Her heart fluttering is a truly internal physical sensation. It is inside her body, and it effects and reflects her experience when she finally manages to open the cabinet.
Her cheeks growing pale is also a physical sensation, though it has an external component that other characters could notice, were they in the room. Her knees trembling is a physical sensation that would be rather unlikely for other characters to notice, but possible in certain situations.
Regardless, these are all physical sensations belonging to our viewpoint character that are part of her experience and are fair game for the narrator to mention.
If you want a resource on how to write about internal and external physical sensations, as well as body language and actions that might reflect certain emotions, I highly recommend the book The Emotion Thesaurus.
While some authors rely heavily on physical sensation and internal physical sensation to convey emotions, Jane Austen uses it sparingly. However, when she uses it, she does so to great effect.
Conclusion
There are so many tools that can be used to convey a character’s emotions. For viewpoint characters, we have the additional opportunity to submerse ourselves into their emotions, by using tools that aren’t as readily available to use on non-viewpoint characters, such as internal physical sensations, repetition, pointing to the past or future, and syntax.
In the next lesson we’ll look at the size or degree of emotions—the differences between conveying small, medium, and large emotions. I hope that you’ll join me!
Exercise 1: Chart your own physical sensations
Over the course of a day or a morning, record your own physical sensations and internal physical sensations. Did you touch something scratchy? Did something taste sour? Did the chair feel hard? Did your knee itch? Did your eyes feel unfocused? Did your back hurt? Did you lose your balance?

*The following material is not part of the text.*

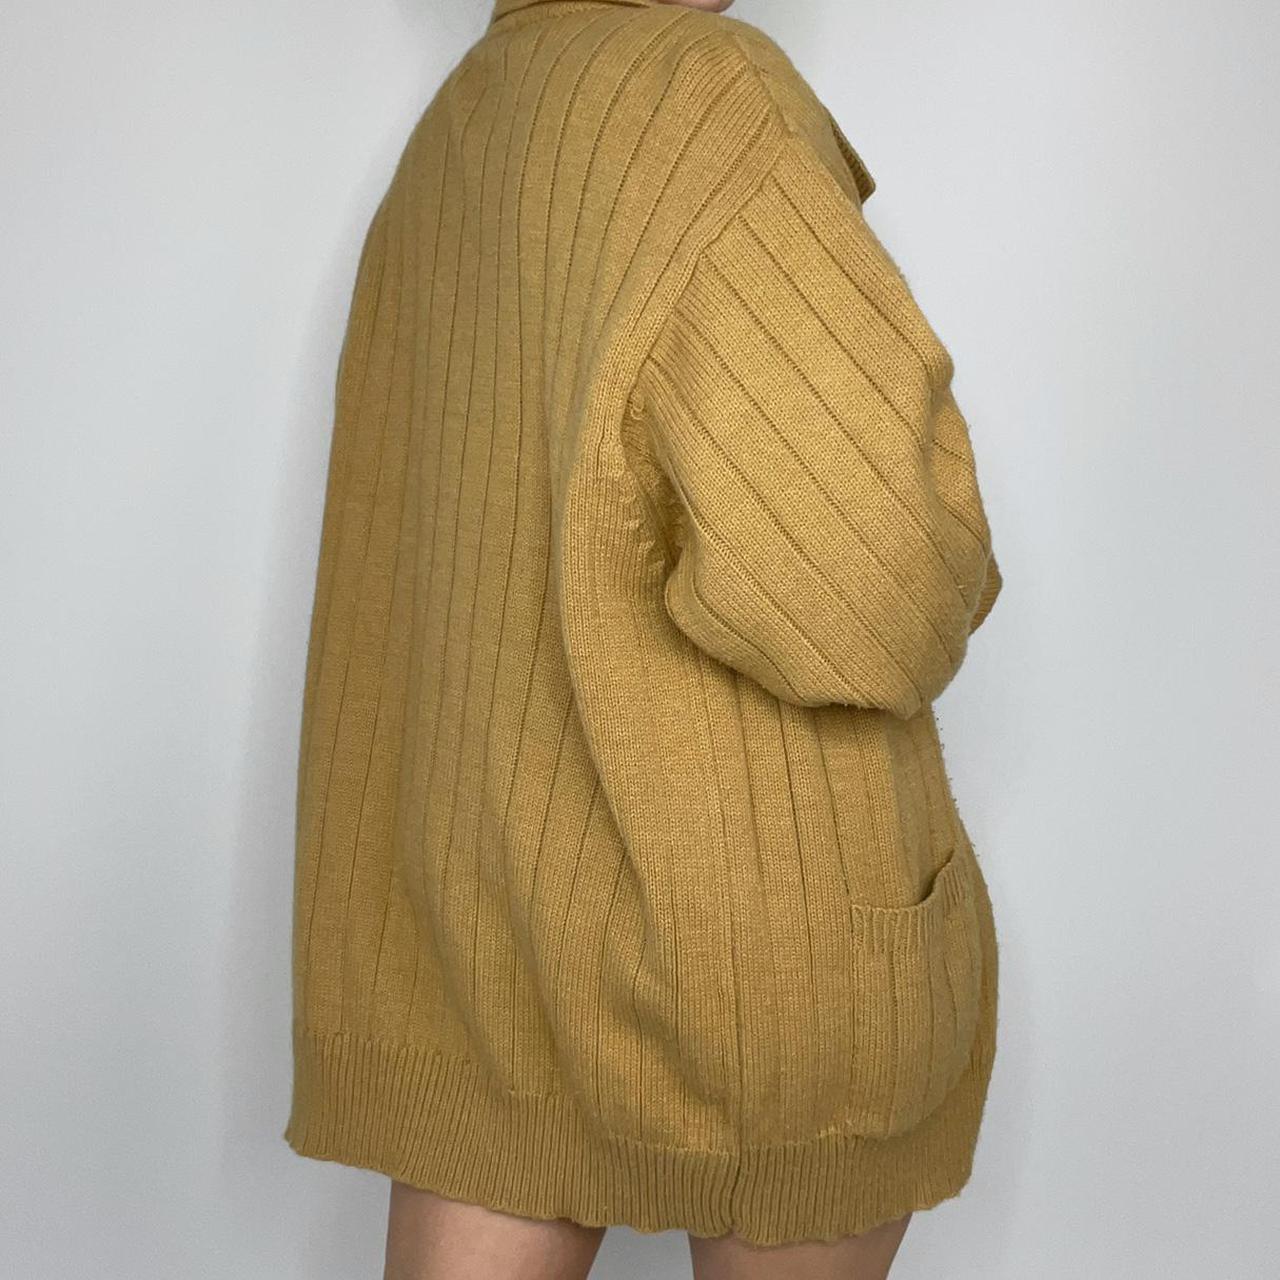 Product Image 3 - Knit chunky cardigan 🧸

90s mustard

If relevant, jot down a word or two that captures your emotional state at the time. Was your physical sensation reflecting your emotions at the time? Did your physical sensations contrast your emotions? Did your physical sensations and internal physical sensations change your emotions?
Consider what you learned about physical sensations and emotions, and how you can incorporate that into your own writing.
Exercise 2: Finding a Place to Live
Write a brief scene in which a character is touring apartments or other places to live. In this scene, try to incorporate each of the techniques talked about in this lesson:
- Punctuation, Syntax, and Rhythm
- Pointing to the past and/or to the future
- Repetition
- Physical sensation and internal physical sensation
Exercise 3: Emotion Revision
Take a scene in a story you are writing and see if you are incorporating any of these techniques. If so, are there ways you could strengthen your use of the technique? If not, at what points would one or more of these techniques be useful? Now revise the scene.